Records –

++++++

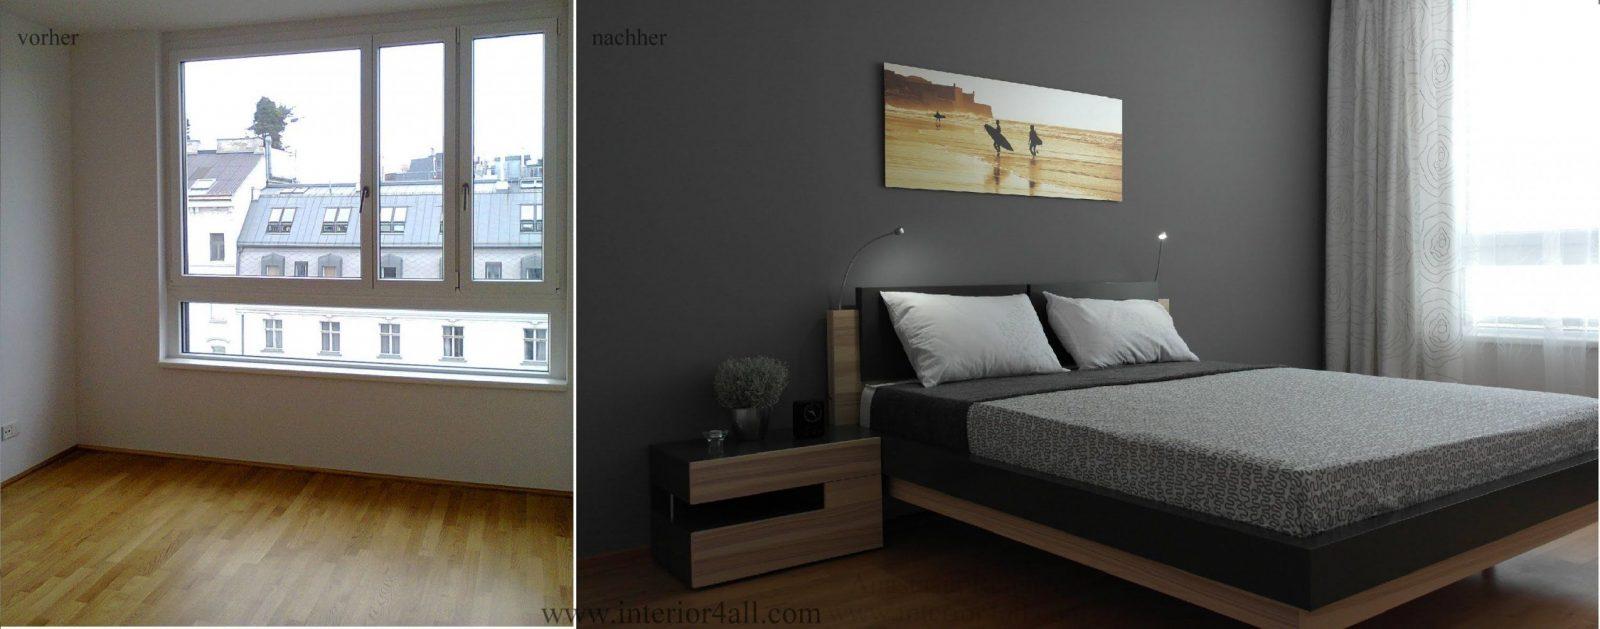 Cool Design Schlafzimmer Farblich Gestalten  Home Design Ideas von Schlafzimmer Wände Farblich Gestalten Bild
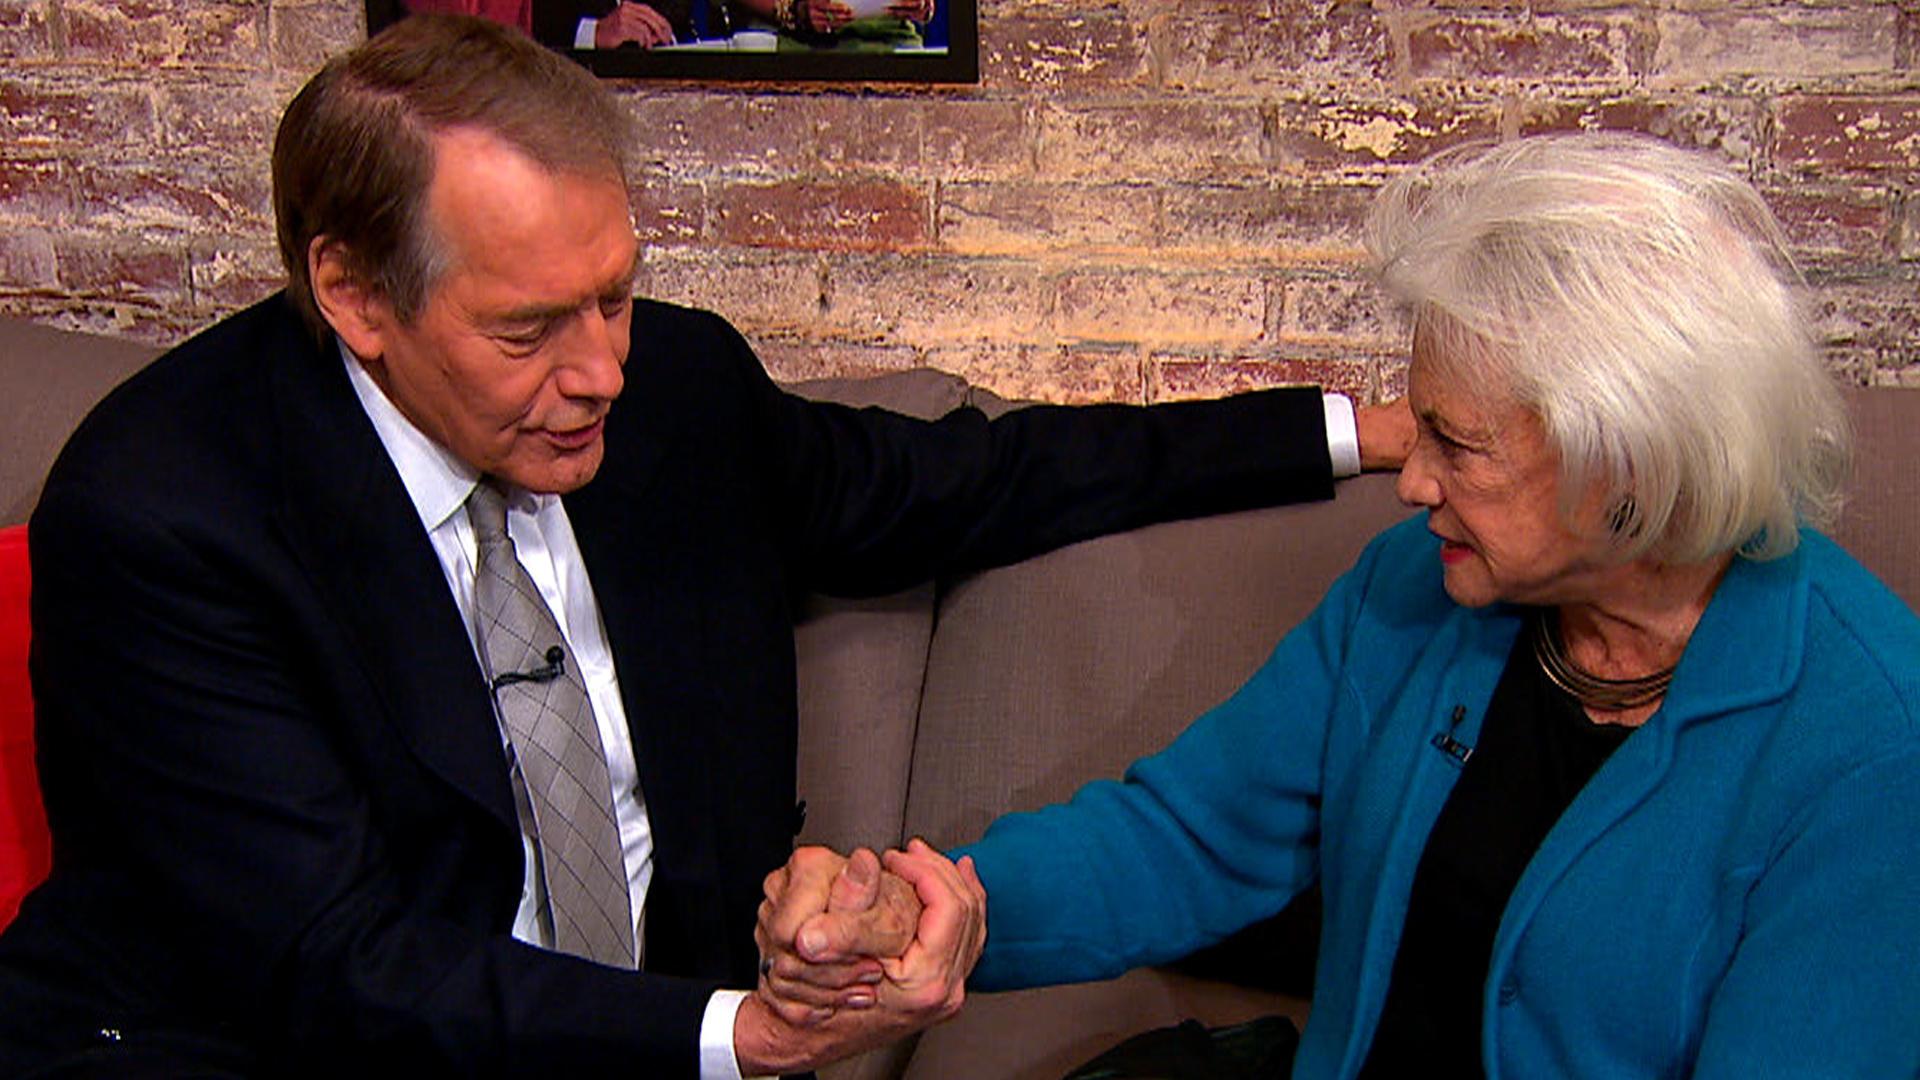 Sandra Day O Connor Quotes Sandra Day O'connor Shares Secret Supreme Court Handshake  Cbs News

++++++

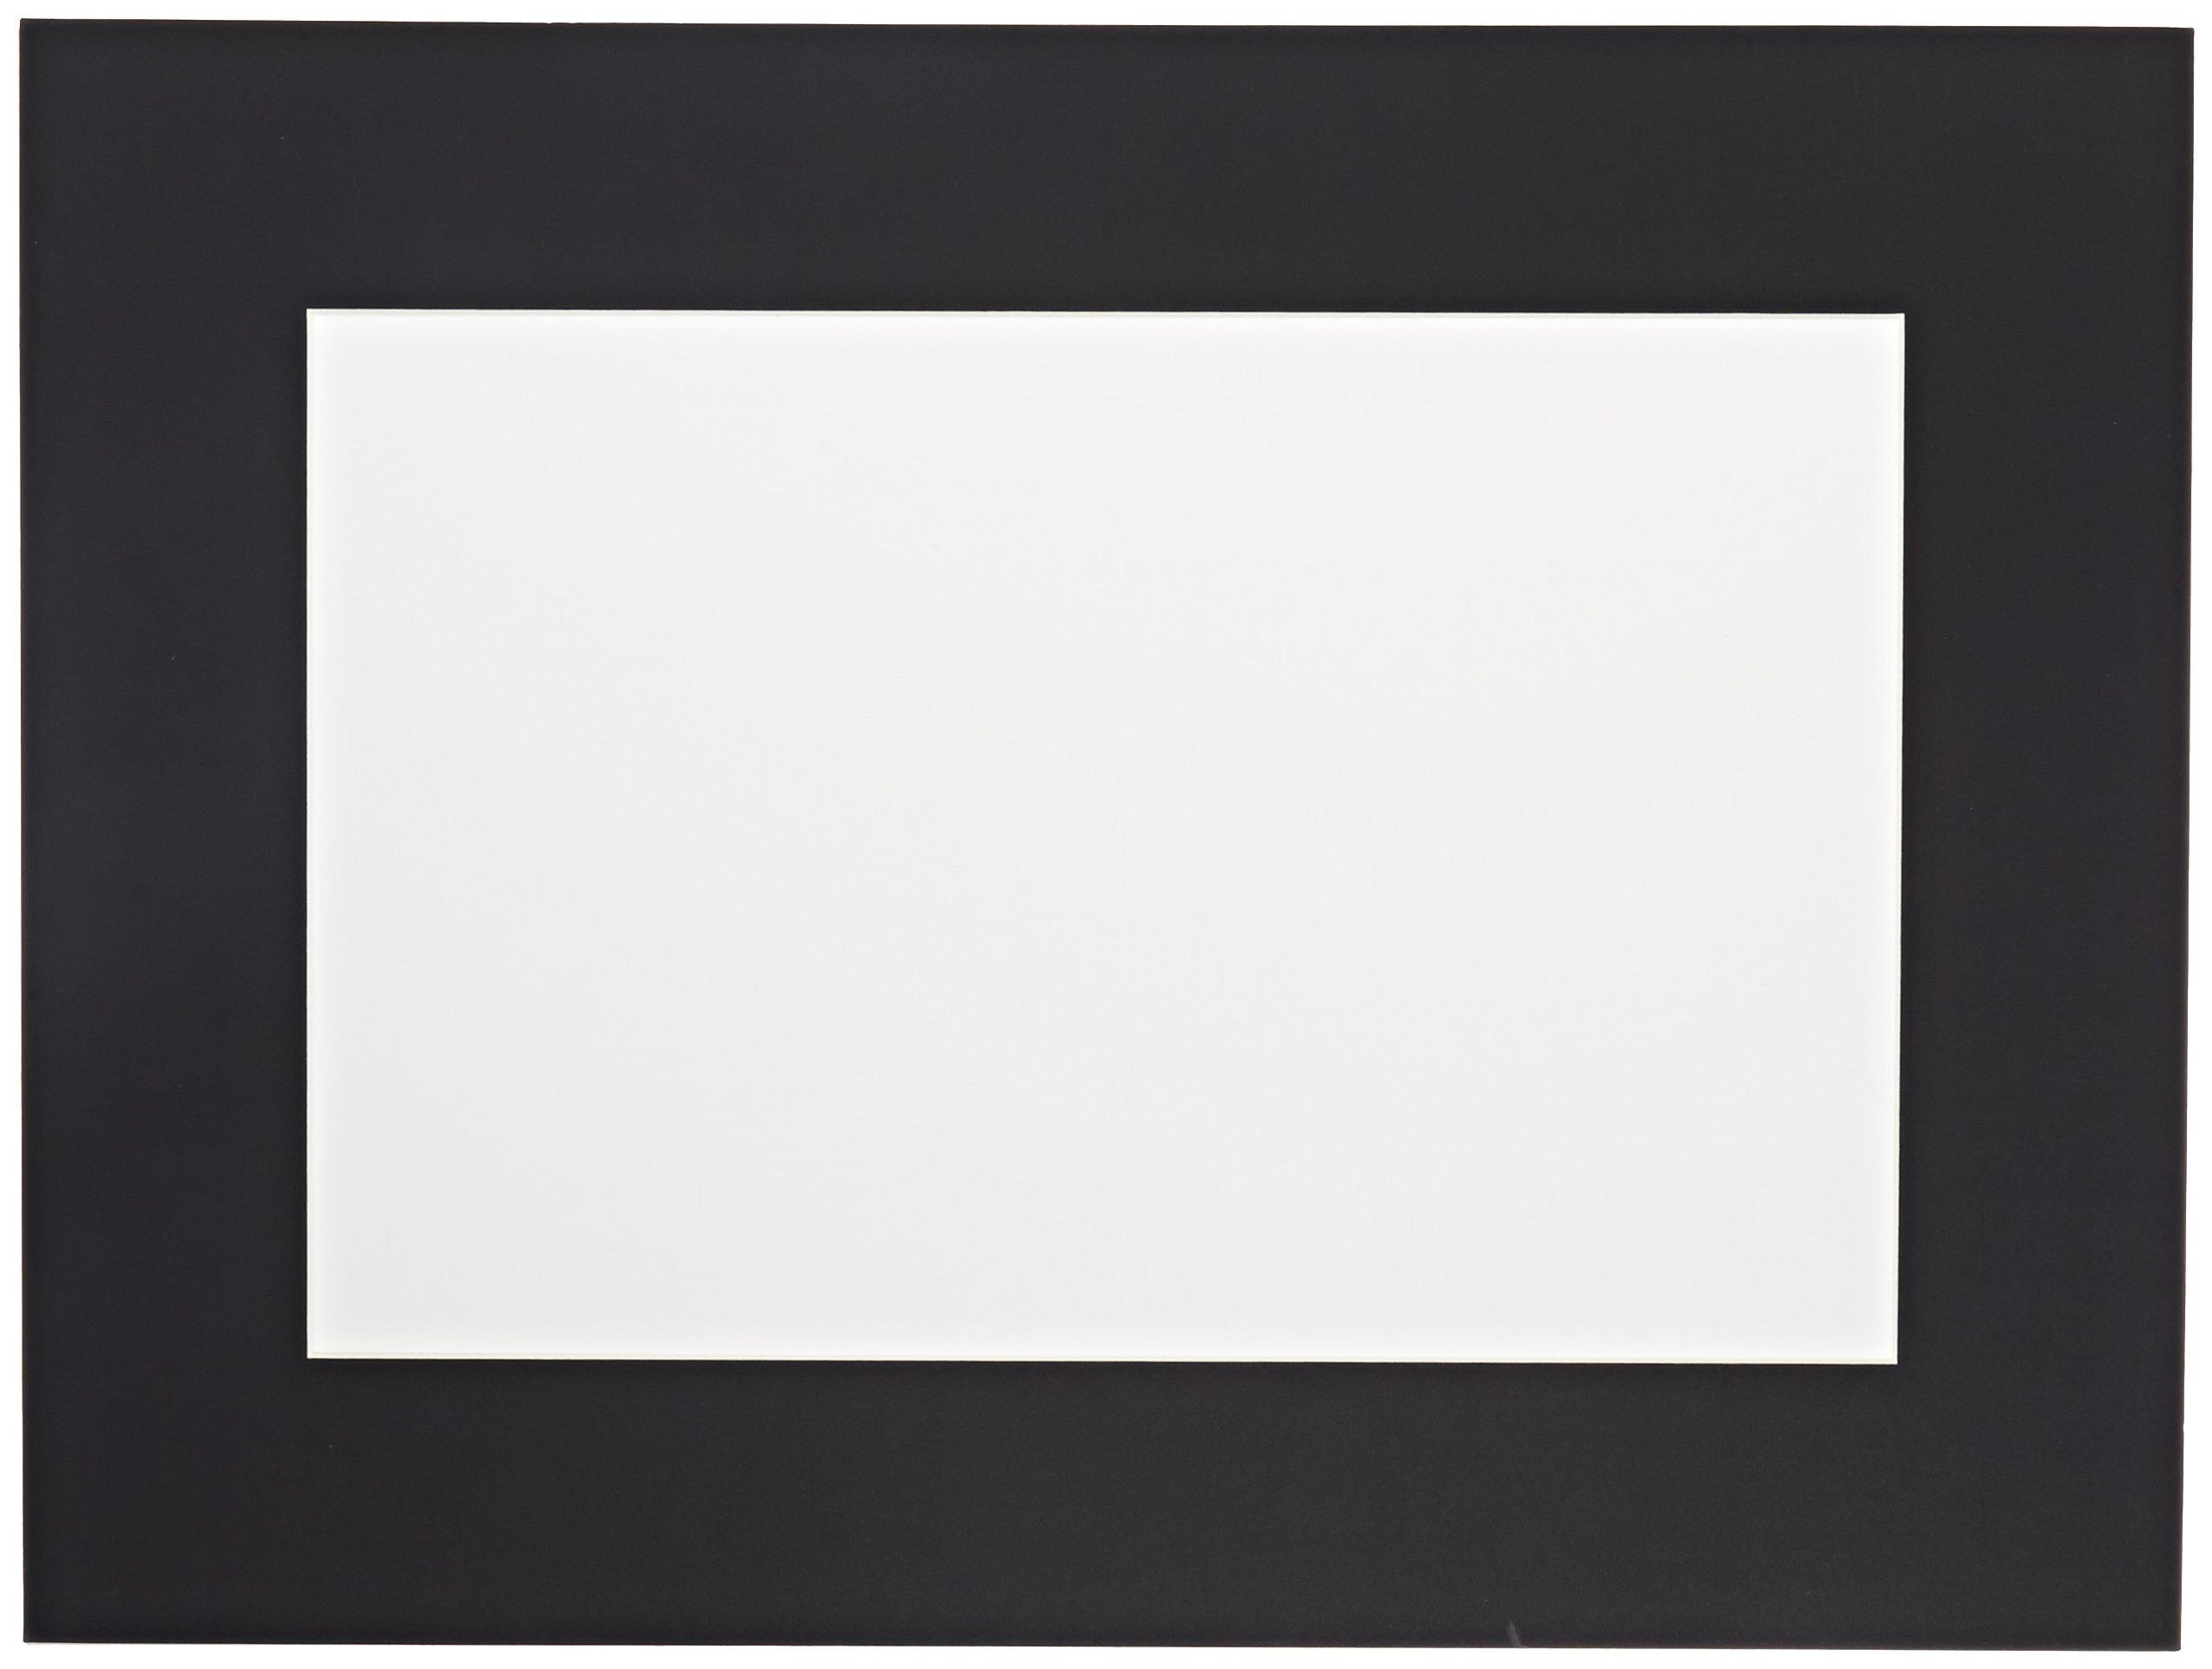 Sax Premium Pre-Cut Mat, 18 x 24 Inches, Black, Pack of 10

++++++

Problem details – From the records above, copy only the lines running from the line holding "Cool Design Schlafzimmer" through the line holding "Sandra Day O Connor", with no pictures.

Written answer –
 Cool Design Schlafzimmer Farblich Gestalten  Home Design Ideas von Schlafzimmer Wände Farblich Gestalten Bild
 Sandra Day O Connor Quotes Sandra Day O'connor Shares Secret Supreme Court Handshake  Cbs News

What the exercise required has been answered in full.